Asked by  | 14th Nov, 2012, 02:04: PM

Expert Answer:

1. Polar covalent bond results with an unequal sharing of electrons. A polar bond is a type of covalent bond between two atoms or more in which electrons are shared unequally. Because of this, one end of the molecule has a slight, relative negative charge and the other a slight, relative positive charge. For example: H2O; here hydrogen has a slight positive charge and oxygen has a slight negative charge. They are formed when when two elements bond with a moderate difference in electronegativity moderately to greatly, but they do not surpass 1.7 in electronegativity difference.

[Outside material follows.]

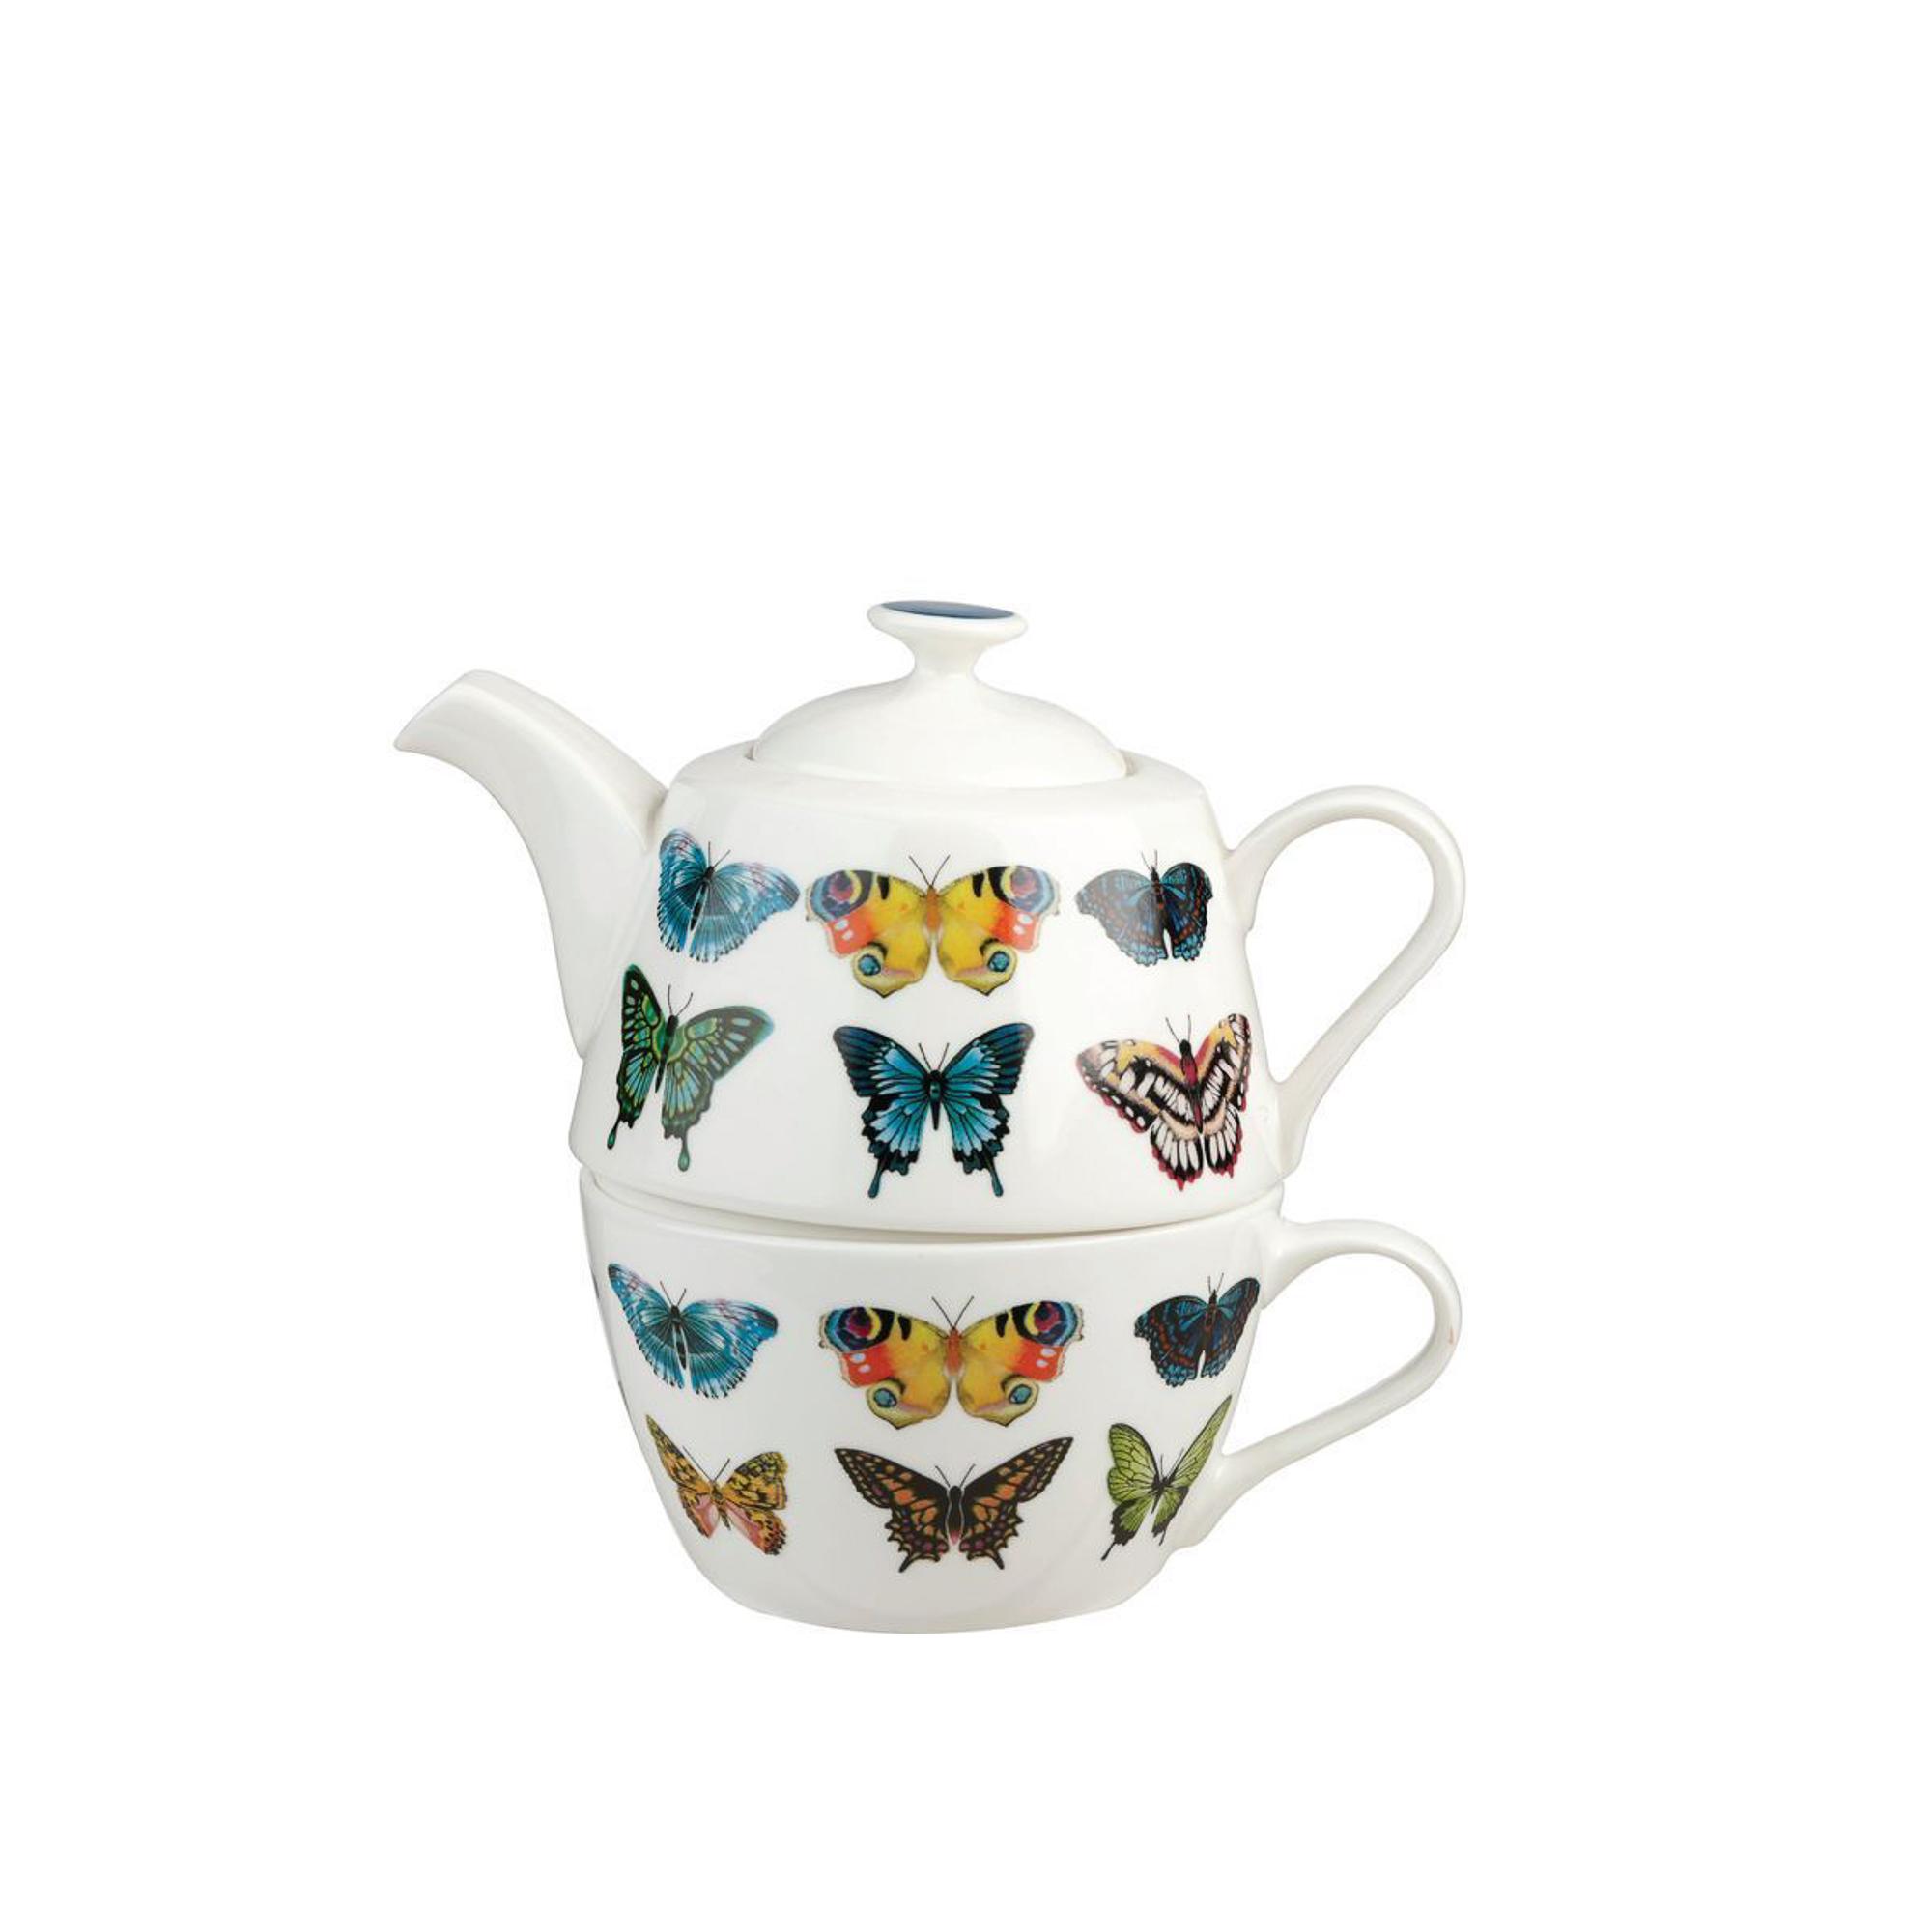 Фото - Набор чайный Бабочки серия Арлекин Churchill набор чайный гималайские цветы 3 предмета churchill himf00081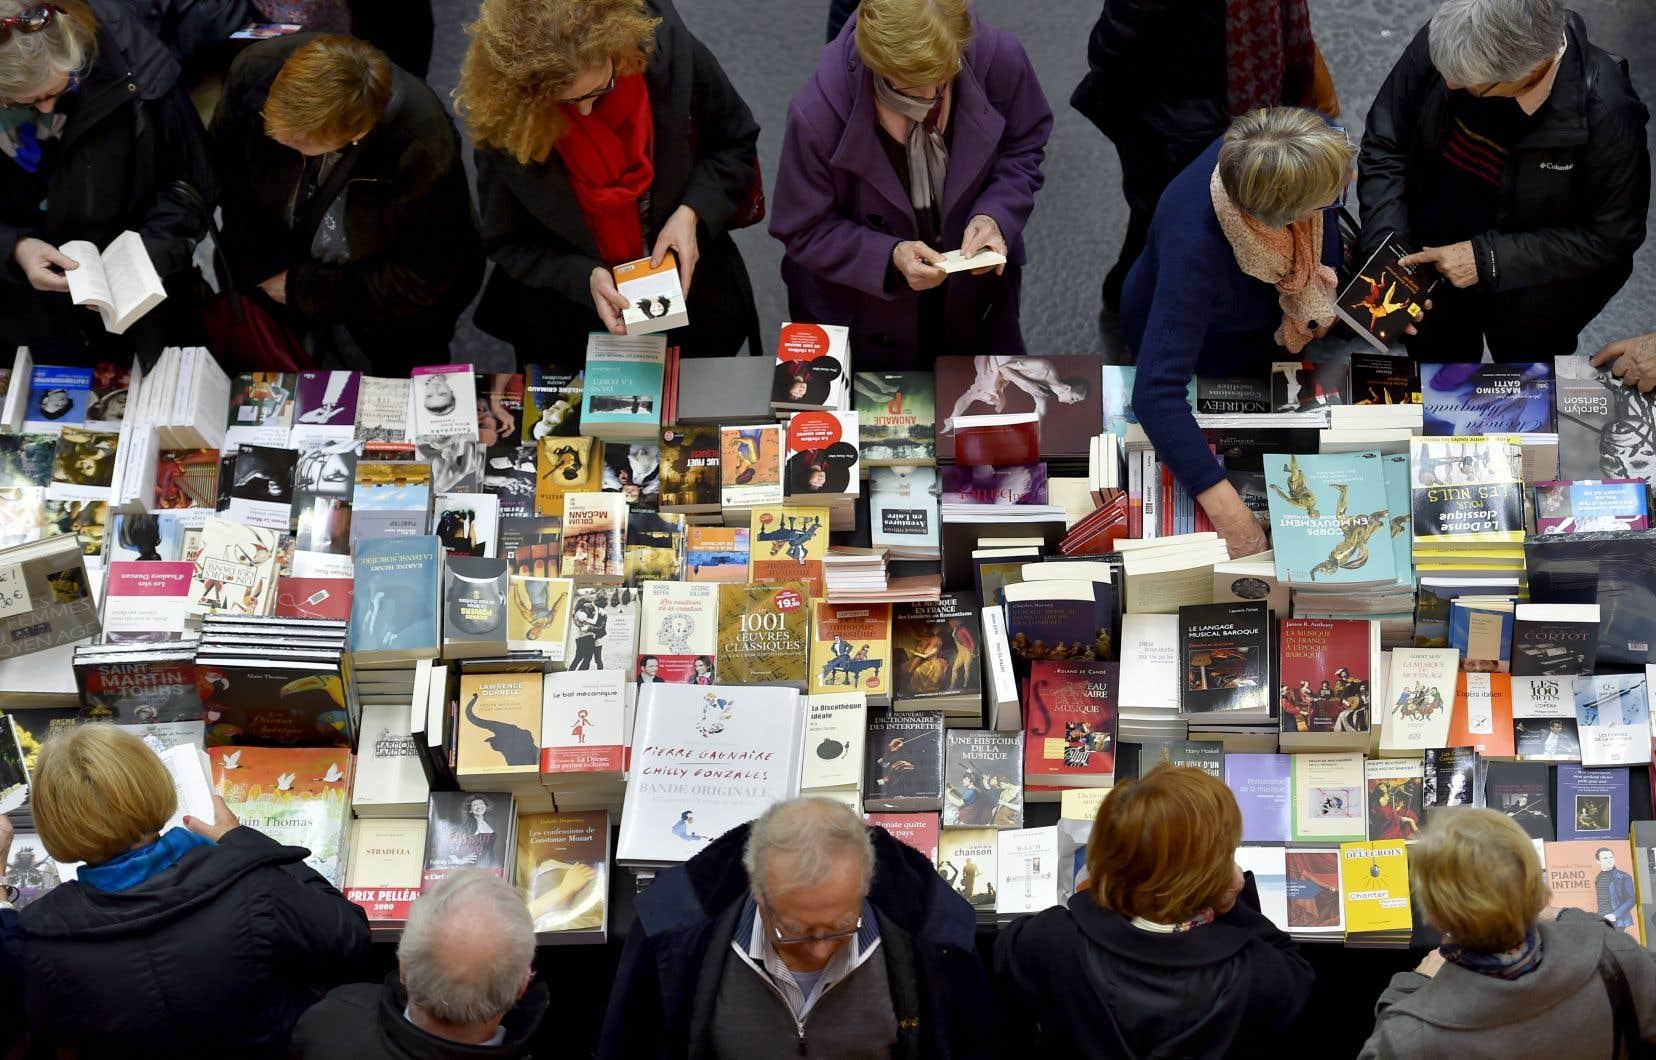 «Les idéologues ne désirent rien tant qu'assujettir l'art, et surtout la littérature, à leur idéologie», affirme l'auteur.

2. Ionic bond: In an ionic bond, the atoms are bound together by the attraction between oppositely-charged ions. These kinds of bonds occur mainly between a metallic and a non metallic atom. Here one or more atoms lose electrons and other atoms gain them in order to produce a noble gas electron configuration. These bonds are formed when two atoms have a large difference in electronegativity.

3. Hydrogen Bond: Hydrogen bonds only form between hydrogen and oxygen (O), nitrogen (N) or fluorine (F). It is a force of attraction between a hydrogen atom in one molecule and a small atom of high electronegativity in another molecule.

There are two types of chemical bonds: Covalent and ionic.

Covalent bonds are further classified as polar and non-polar covalent bonds.

Other types of bonding includes metallic bonding and hydrogen bonding.